### Problem to work on
Restate the listing that follows word for word, without its pictures.

### Provided data
◆ ◆ ◆ ◆ ◆ ◆ ◆

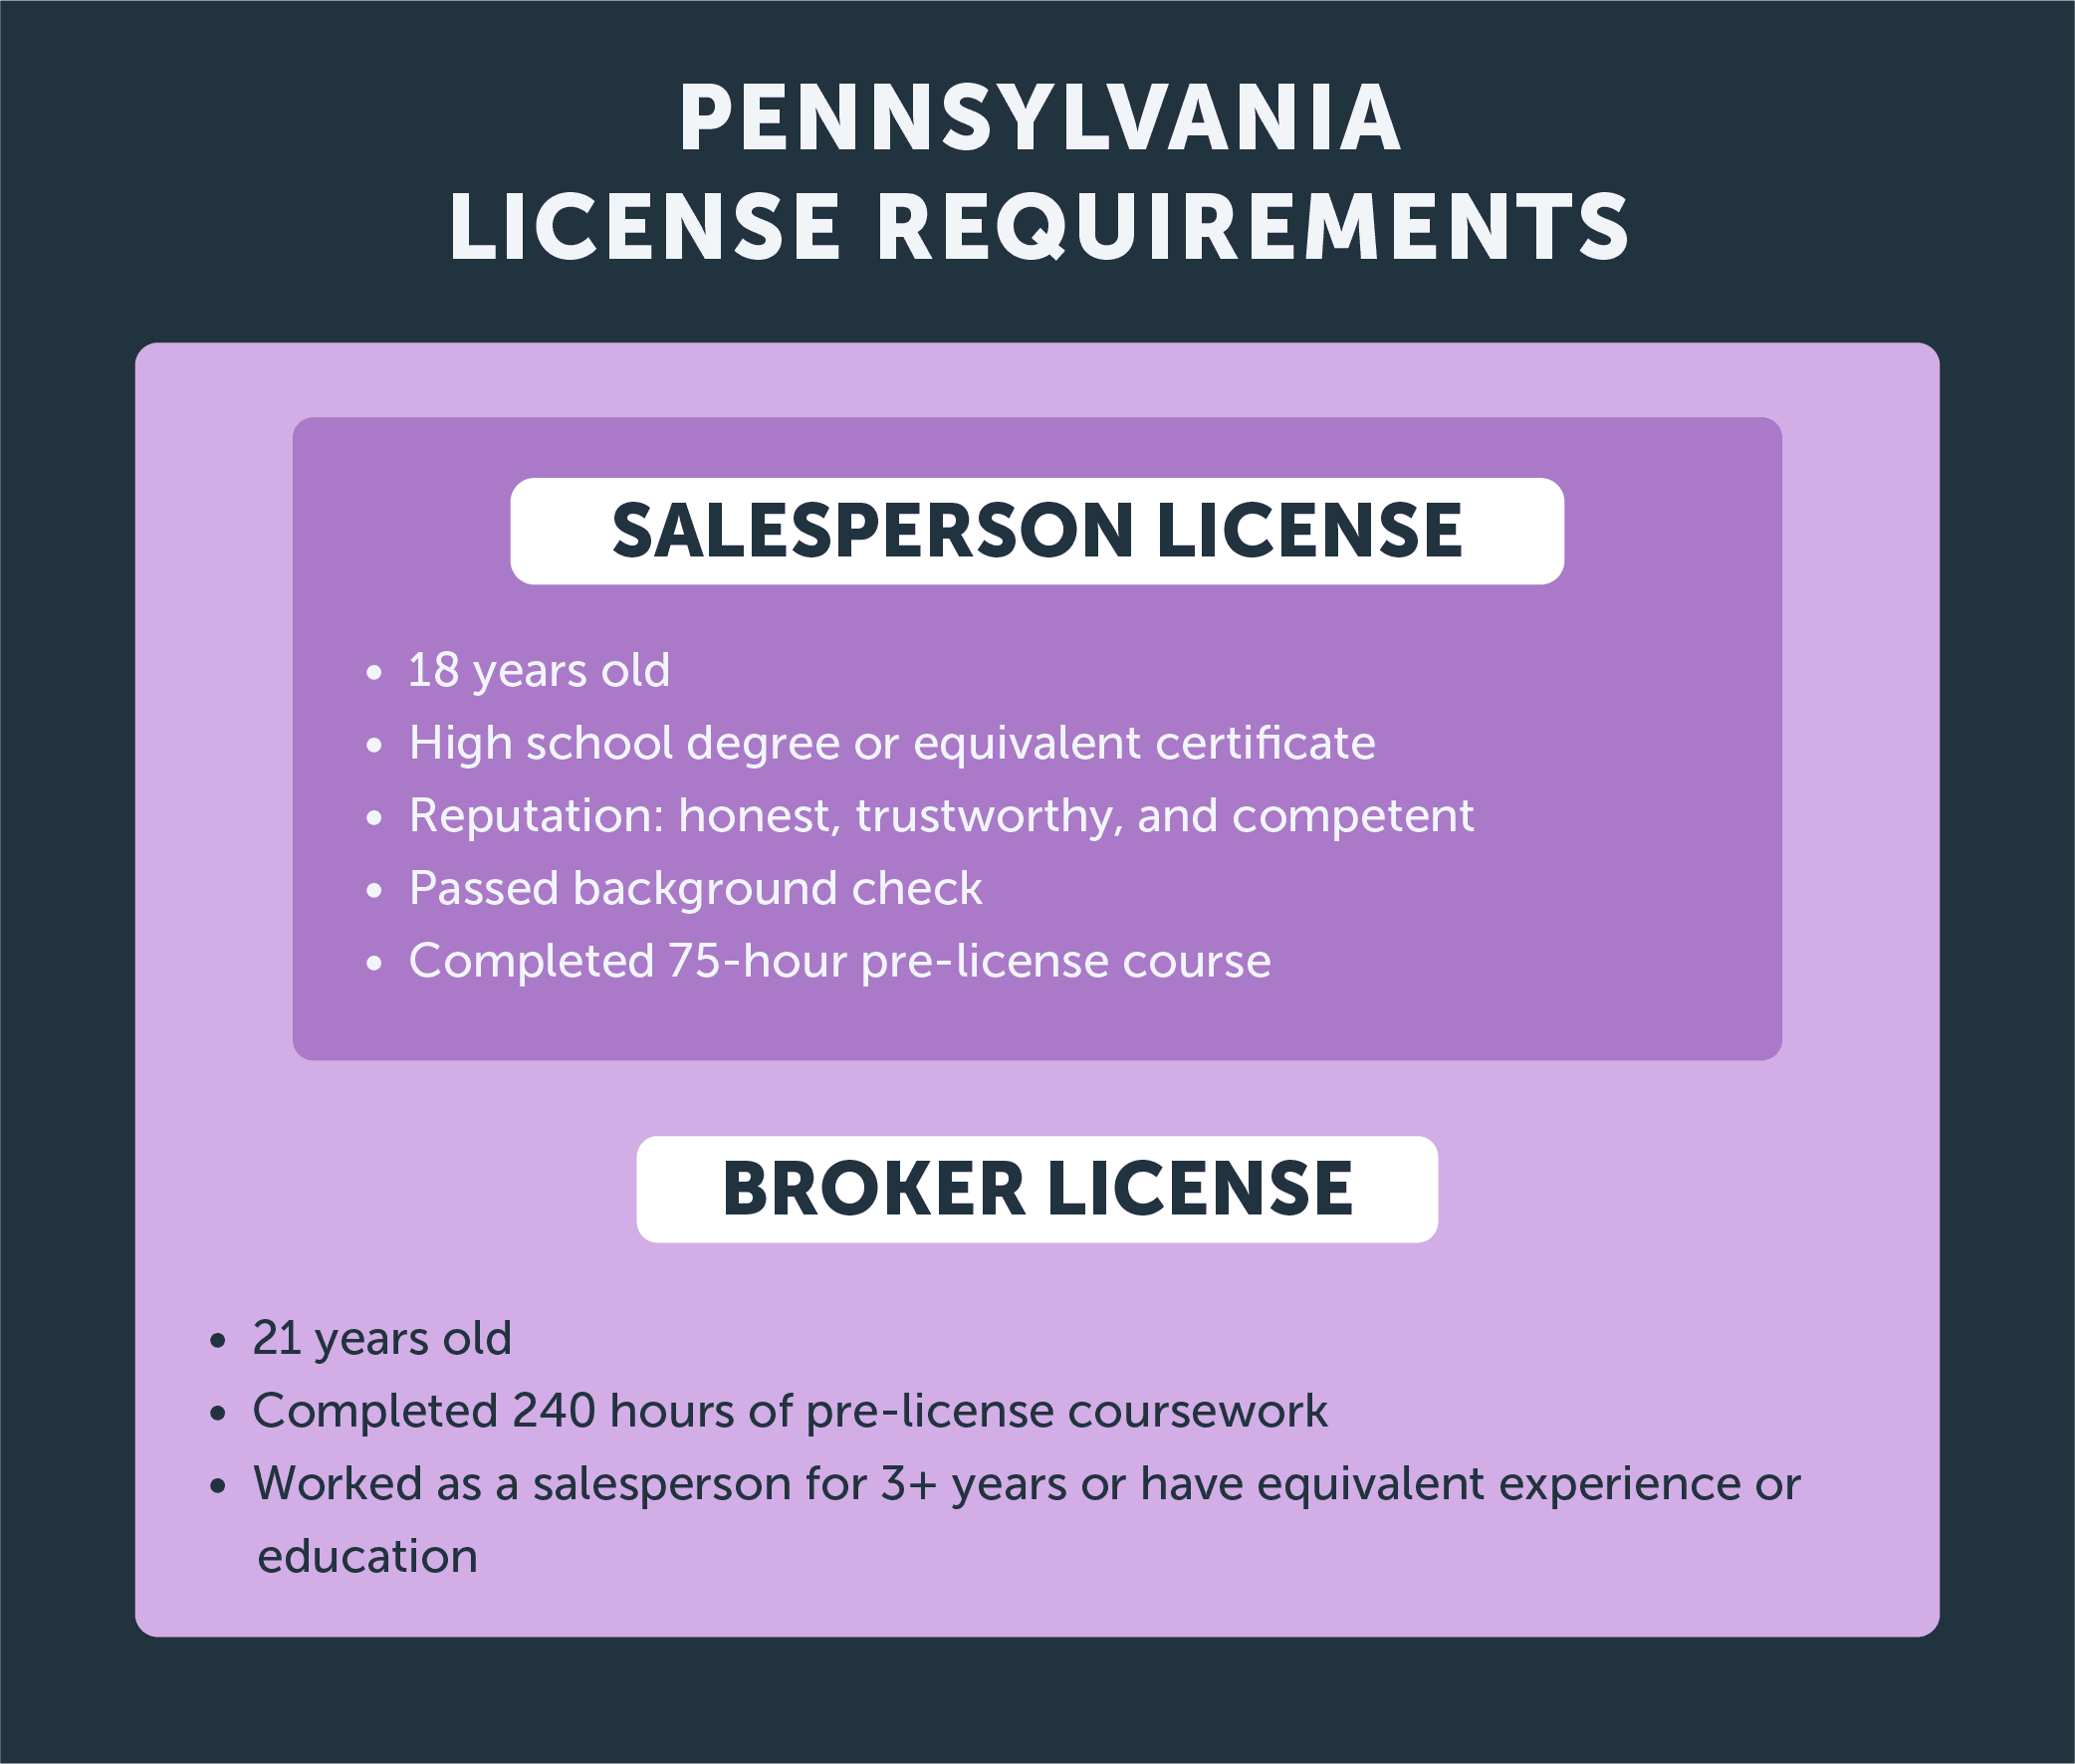 Can I Get a Pennsylvania Real Estate License with a Criminal Record?
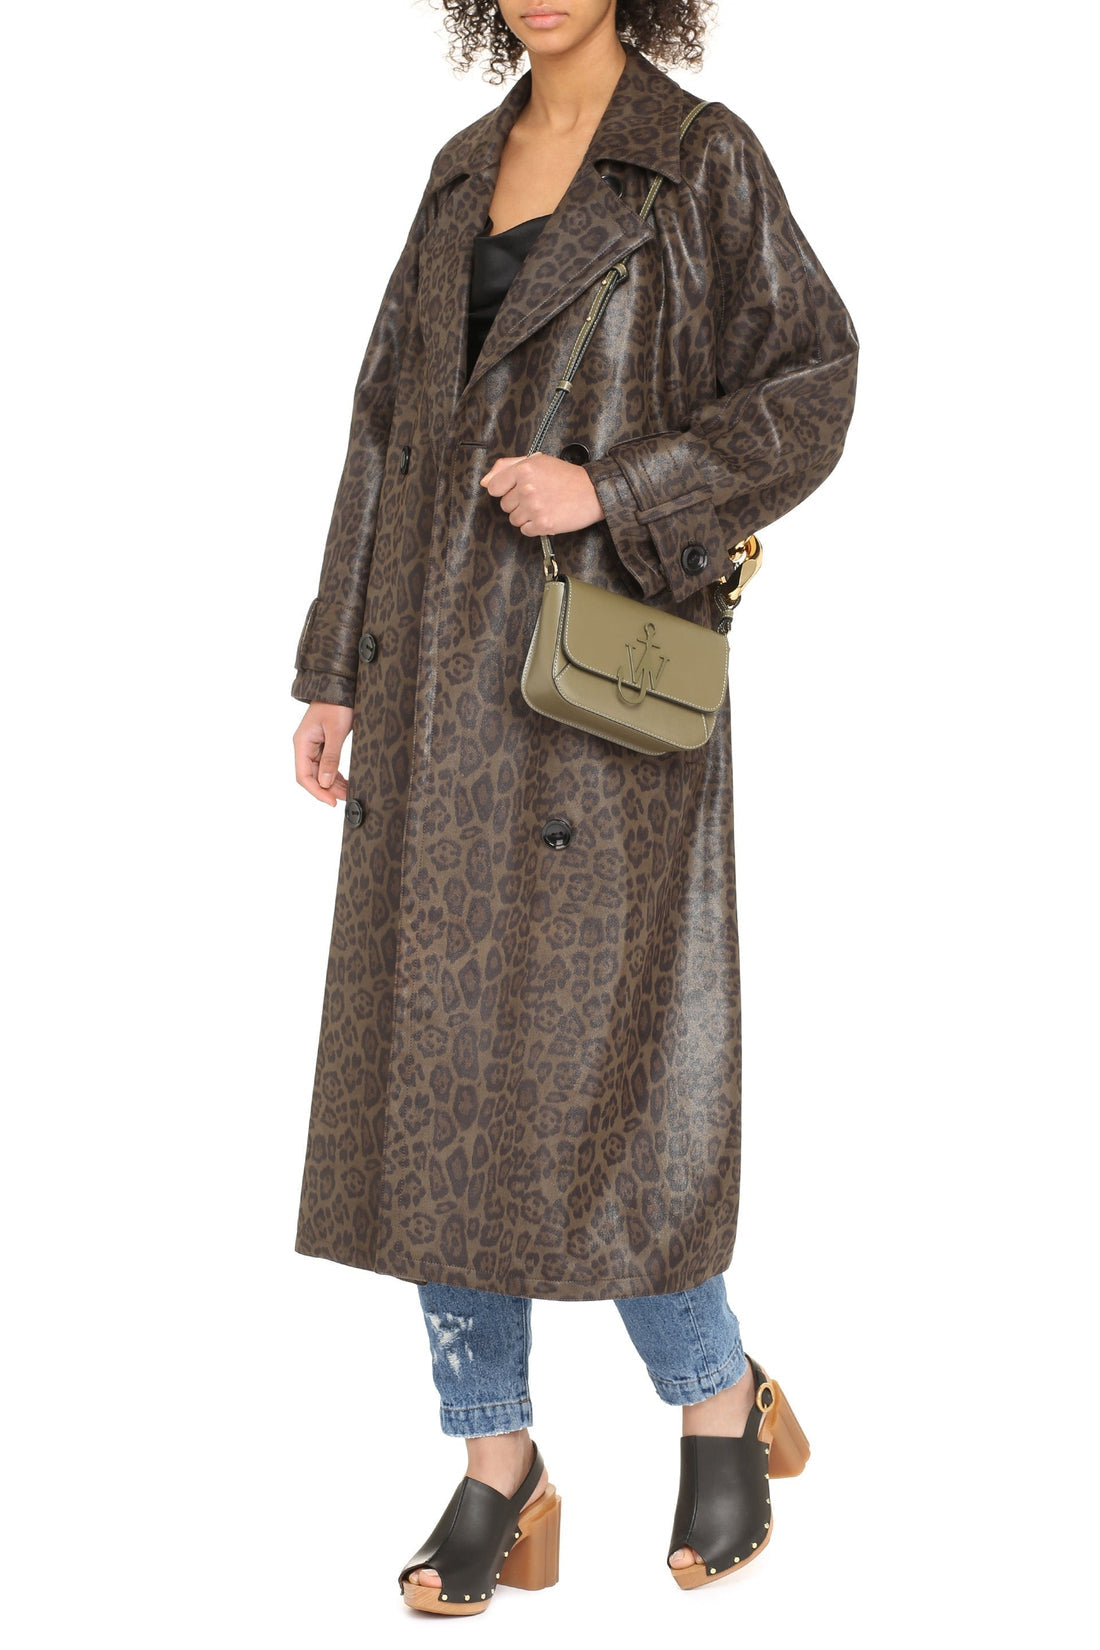 Stand Studio-OUTLET-SALE-Shelby double-breasted trench coat-ARCHIVIST
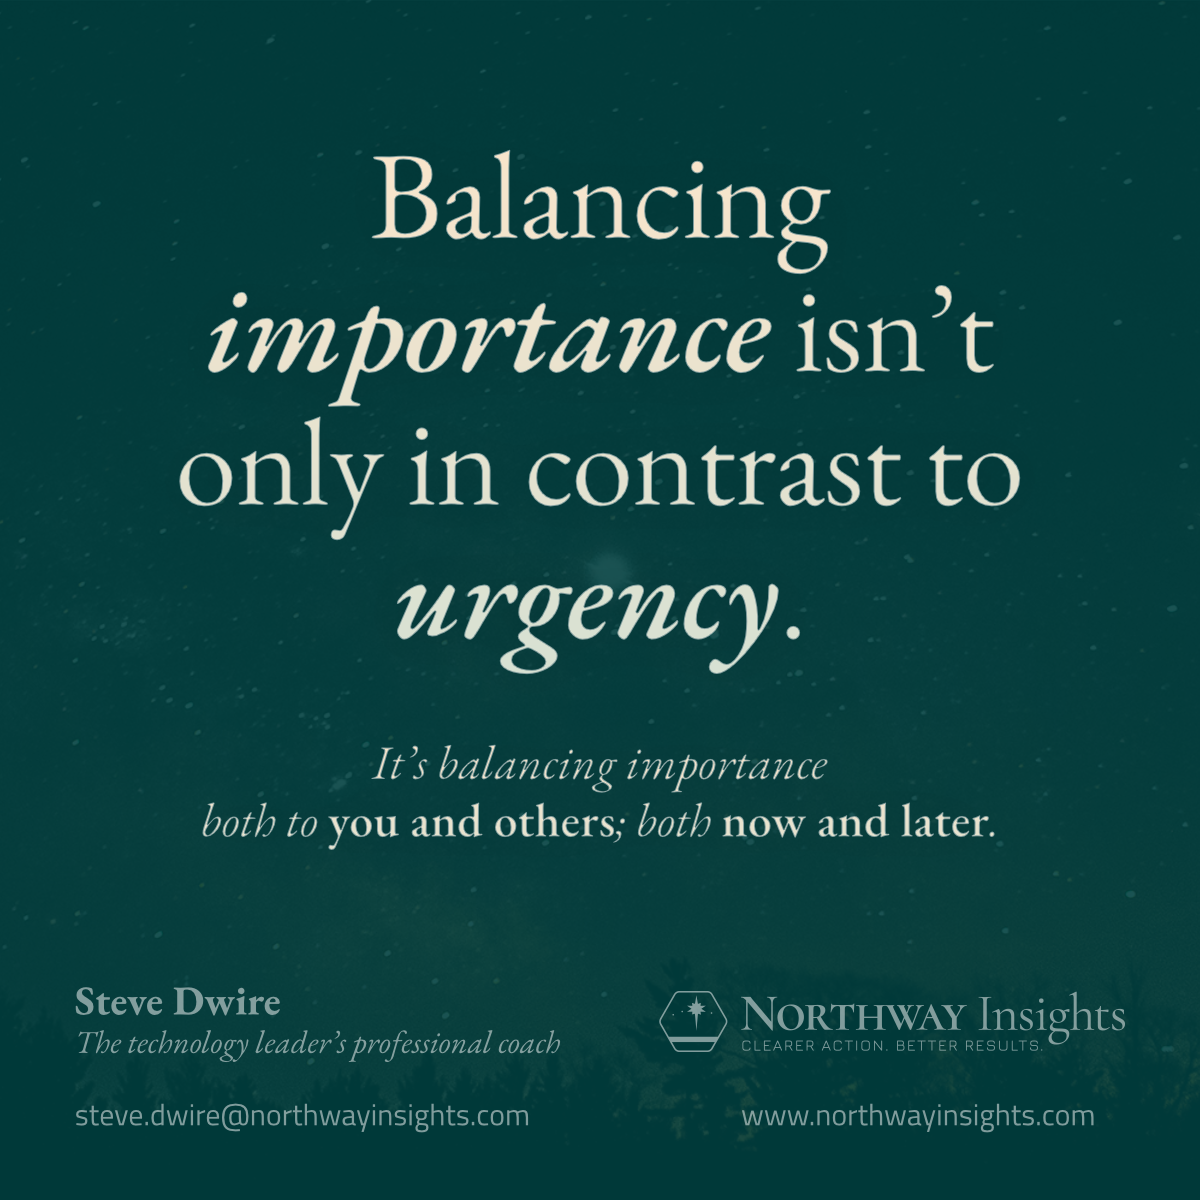 Balancing importance isn't only in contrast to urgency. (It's balancing importance both to you and others; both now and later.)

◆ ◆ ◆ ◆ ◆ ◆ ◆

### Final answer
 Can I Get a Pennsylvania Real Estate License with a Criminal Record?
 Stand Studio-OUTLET-SALE-Shelby double-breasted trench coat-ARCHIVIST
 Balancing importance isn't only in contrast to urgency. (It's balancing importance both to you and others; both now and later.)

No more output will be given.